Filter the data below for the string "Stock" and copy each matching line.

★ ★ ★ ★

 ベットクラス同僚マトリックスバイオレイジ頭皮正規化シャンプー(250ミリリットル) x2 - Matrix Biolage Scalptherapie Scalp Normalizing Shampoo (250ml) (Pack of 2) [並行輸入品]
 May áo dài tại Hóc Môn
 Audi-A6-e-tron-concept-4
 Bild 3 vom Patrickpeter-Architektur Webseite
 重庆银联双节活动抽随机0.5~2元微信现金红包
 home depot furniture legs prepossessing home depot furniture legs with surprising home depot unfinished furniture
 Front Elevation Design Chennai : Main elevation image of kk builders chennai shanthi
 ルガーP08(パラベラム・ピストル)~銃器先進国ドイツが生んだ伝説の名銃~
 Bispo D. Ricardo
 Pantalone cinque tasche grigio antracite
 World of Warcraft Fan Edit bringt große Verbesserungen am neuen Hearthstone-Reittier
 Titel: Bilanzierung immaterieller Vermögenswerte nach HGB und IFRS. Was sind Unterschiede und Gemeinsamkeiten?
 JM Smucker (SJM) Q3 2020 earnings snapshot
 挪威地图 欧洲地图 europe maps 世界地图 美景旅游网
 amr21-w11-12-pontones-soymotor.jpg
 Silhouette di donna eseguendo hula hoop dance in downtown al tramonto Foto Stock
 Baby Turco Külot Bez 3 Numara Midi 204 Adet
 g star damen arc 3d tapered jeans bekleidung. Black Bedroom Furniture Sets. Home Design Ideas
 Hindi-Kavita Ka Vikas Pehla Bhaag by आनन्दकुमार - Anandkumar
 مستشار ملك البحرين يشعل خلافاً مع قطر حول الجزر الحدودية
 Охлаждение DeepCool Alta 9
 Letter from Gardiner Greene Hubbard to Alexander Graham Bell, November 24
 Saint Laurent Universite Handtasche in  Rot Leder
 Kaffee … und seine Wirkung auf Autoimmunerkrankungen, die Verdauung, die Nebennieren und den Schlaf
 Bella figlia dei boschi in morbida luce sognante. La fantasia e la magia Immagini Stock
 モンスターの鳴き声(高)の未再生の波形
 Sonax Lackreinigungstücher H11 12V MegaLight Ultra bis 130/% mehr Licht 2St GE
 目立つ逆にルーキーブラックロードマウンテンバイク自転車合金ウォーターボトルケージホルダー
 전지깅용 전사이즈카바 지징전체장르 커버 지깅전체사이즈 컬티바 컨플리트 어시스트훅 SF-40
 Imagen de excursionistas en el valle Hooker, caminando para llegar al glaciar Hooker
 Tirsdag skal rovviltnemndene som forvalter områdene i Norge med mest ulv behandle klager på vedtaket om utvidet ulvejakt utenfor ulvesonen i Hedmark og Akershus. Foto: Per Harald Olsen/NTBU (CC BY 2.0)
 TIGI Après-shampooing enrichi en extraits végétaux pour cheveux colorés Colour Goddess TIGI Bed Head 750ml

★ ★ ★ ★

Expected answer:
 Silhouette di donna eseguendo hula hoop dance in downtown al tramonto Foto Stock
 Bella figlia dei boschi in morbida luce sognante. La fantasia e la magia Immagini Stock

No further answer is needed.